■ Provided data
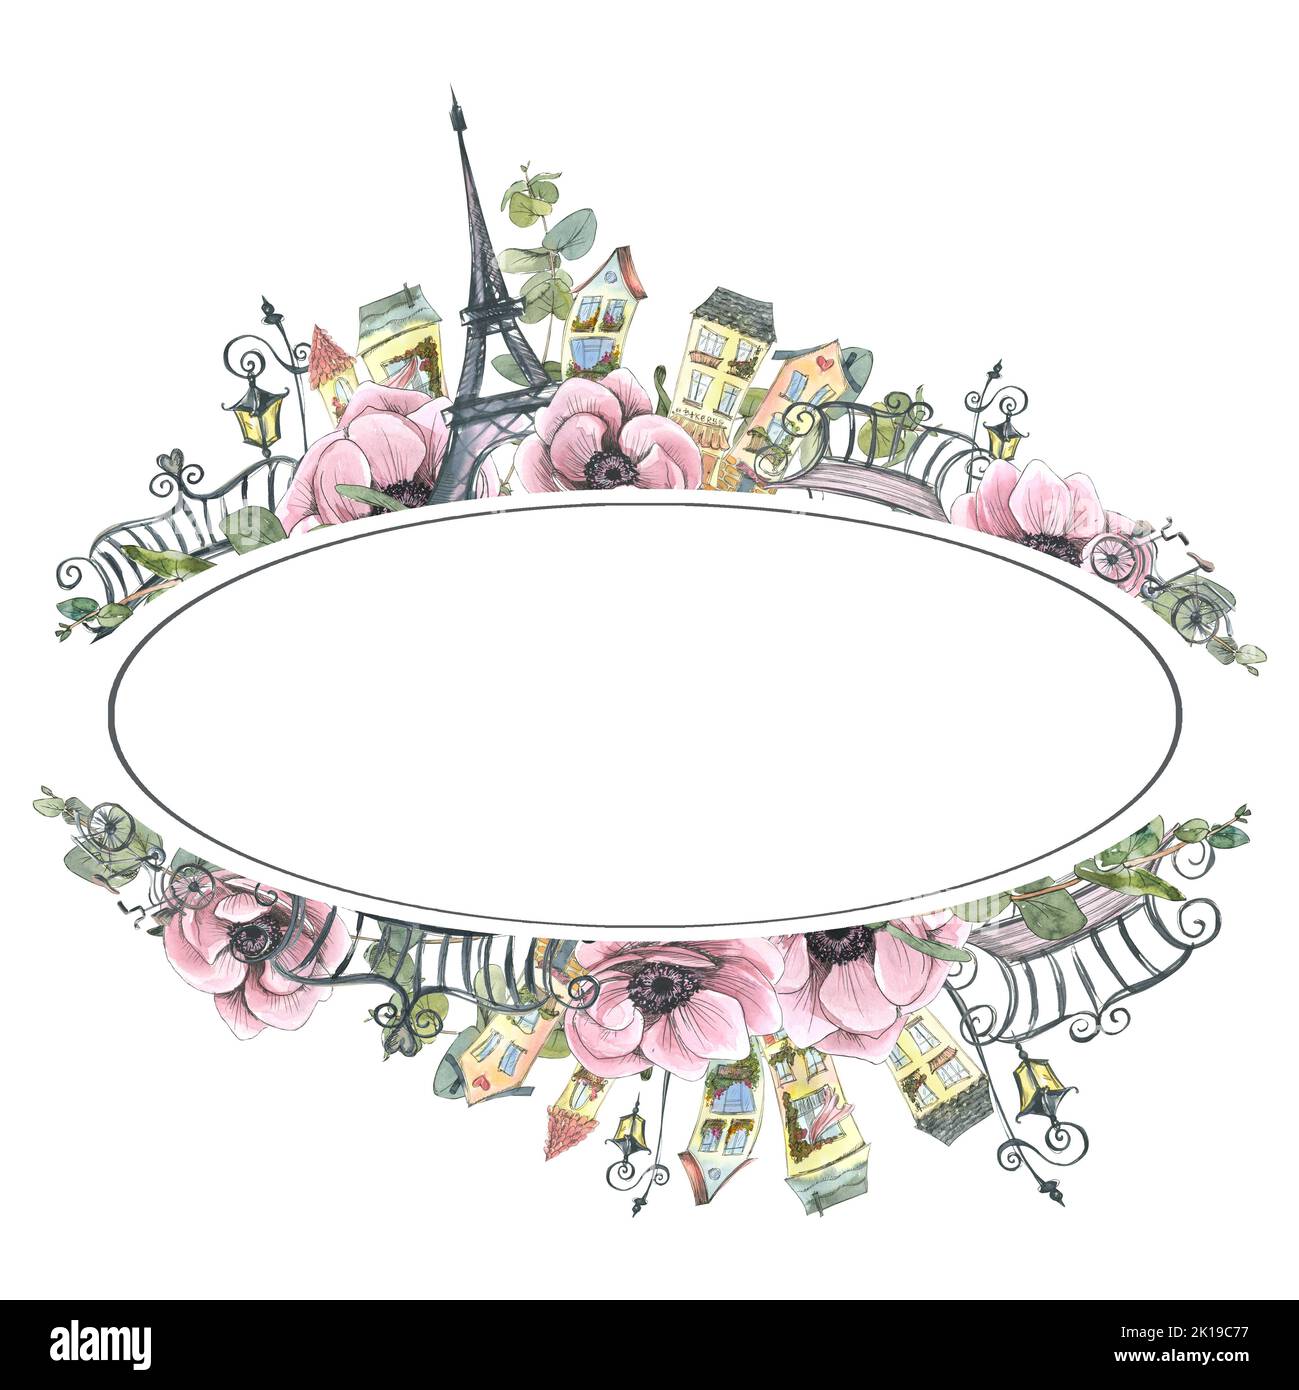 Oval frame with Eiffel tower, cute houses, anemone flowers. Watercolor illustration in sketch style with graphic elements. A board from a large set of Stock Photo
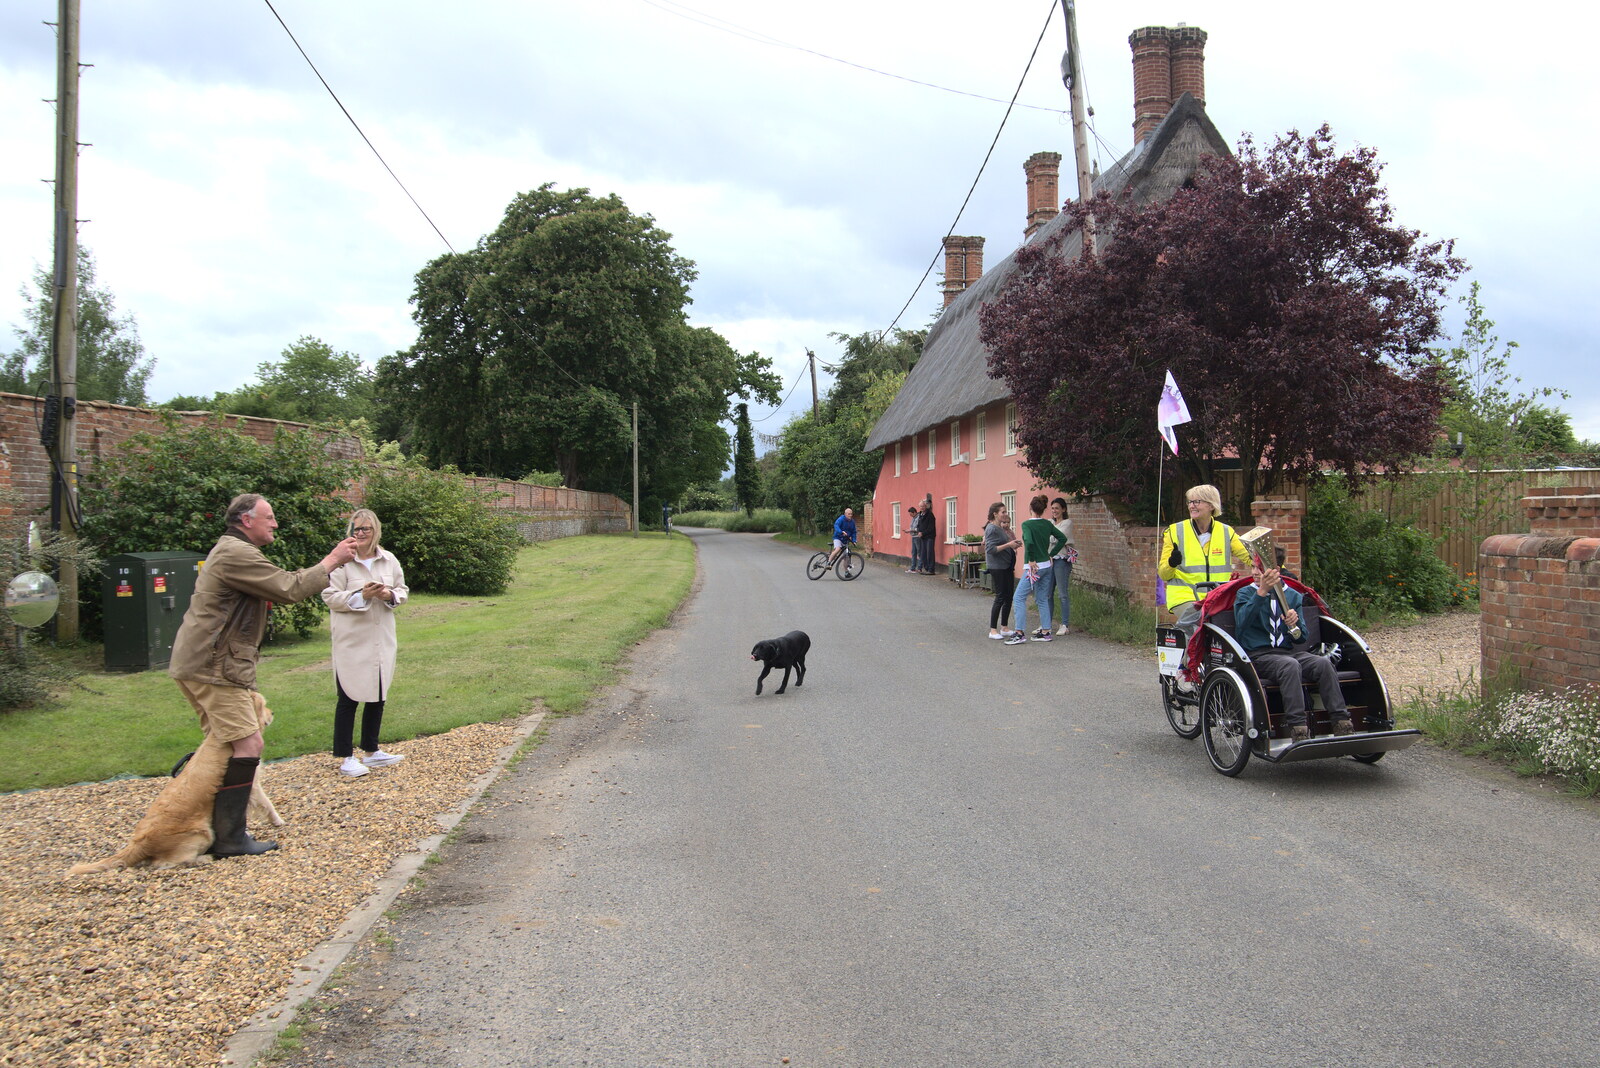 There's a stop for another photo from The Jubilee Torch Run, Brome and Oakley, Suffolk - 25th May 2022
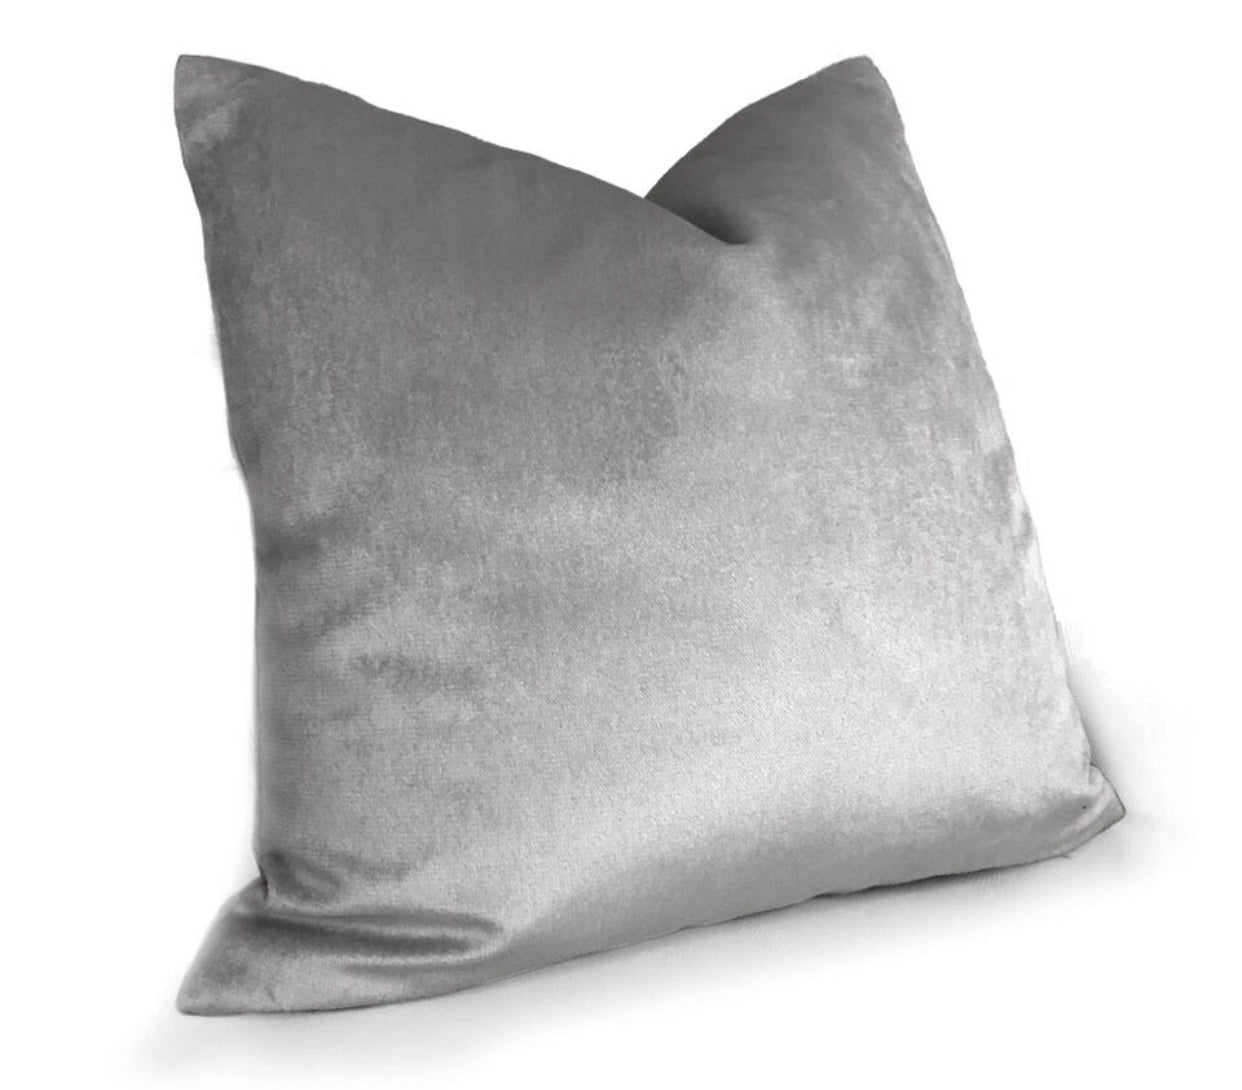 Grey Suede Cushion Cover
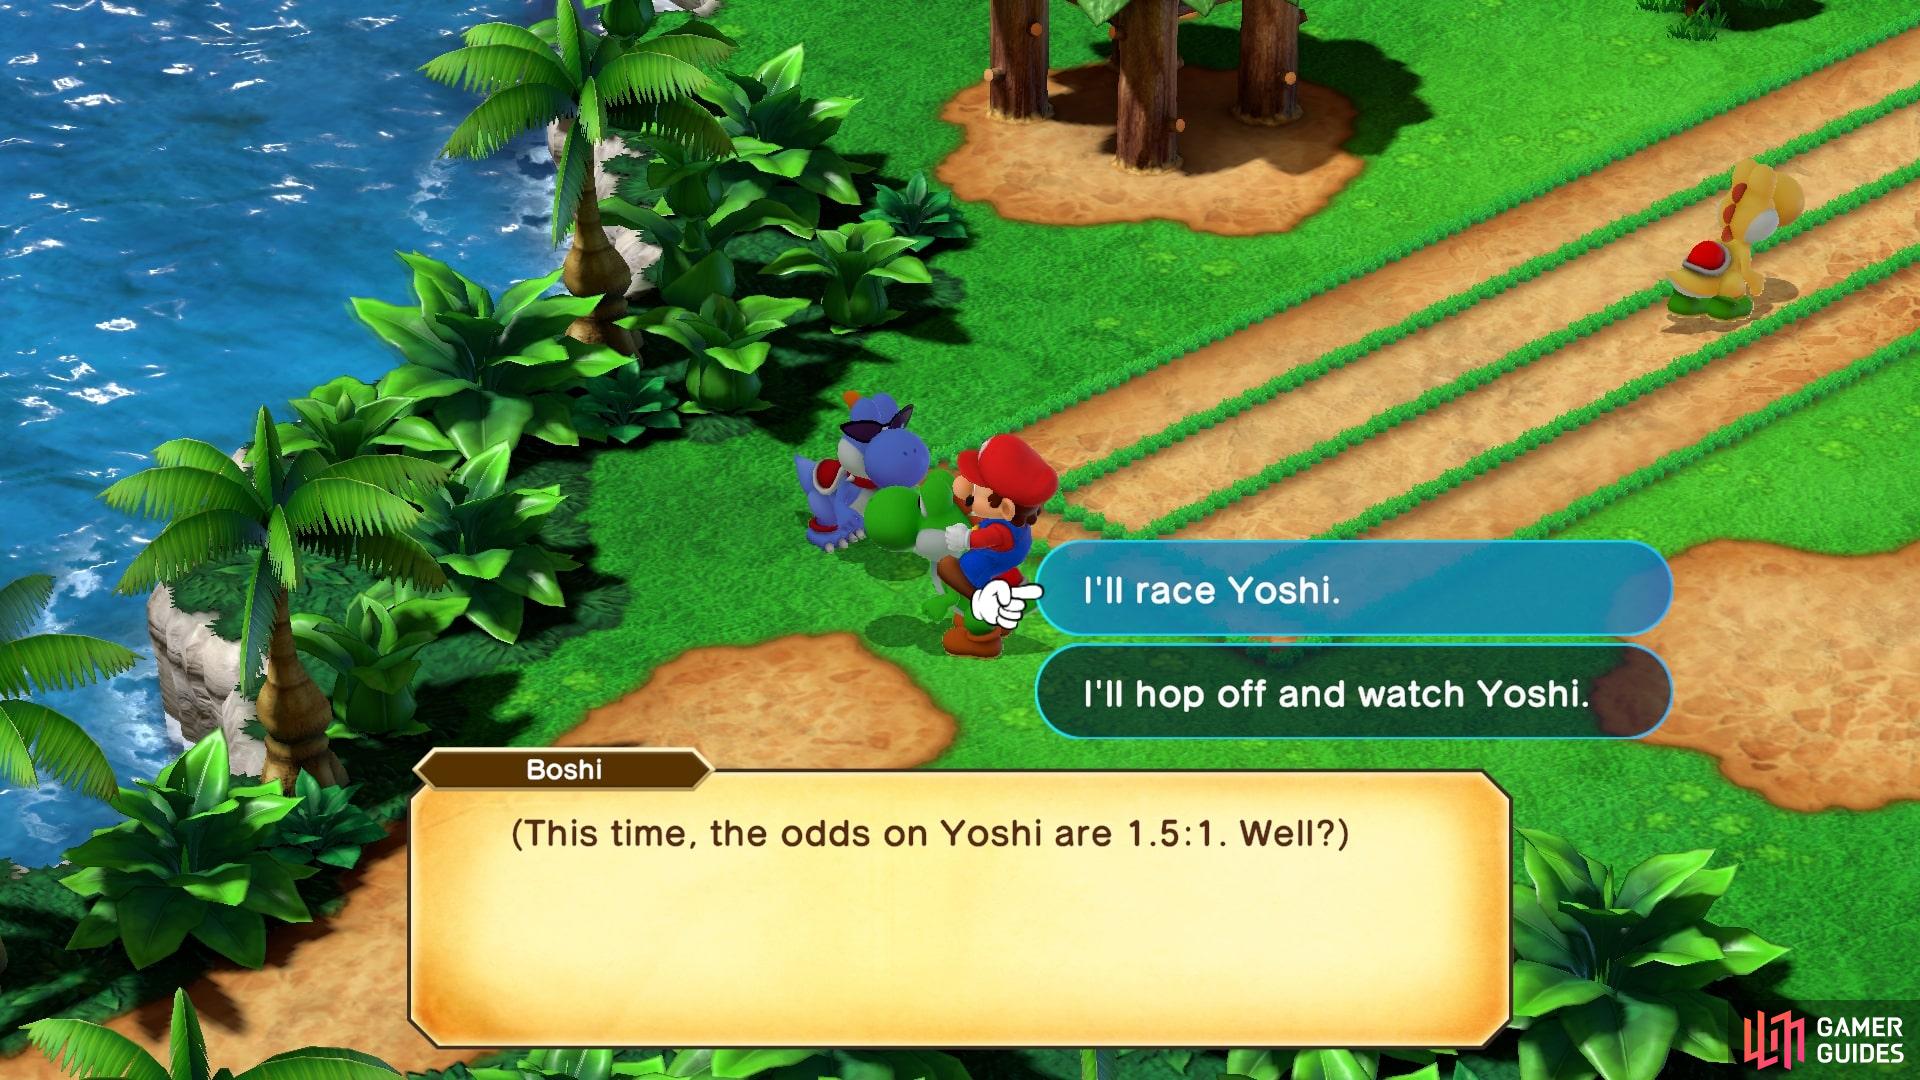 You can challenge Boshi at any time while actively riding Yoshi.

■ What needs to be done
Write out all the data exactly, minus pictures.

■ Response to this exercise
 Oval frame with Eiffel tower, cute houses, anemone flowers. Watercolor illustration in sketch style with graphic elements. A board from a large set of Stock Photo
 There's a stop for another photo from The Jubilee Torch Run, Brome and Oakley, Suffolk - 25th May 2022
 Grey Suede Cushion Cover
 You can challenge Boshi at any time while actively riding Yoshi.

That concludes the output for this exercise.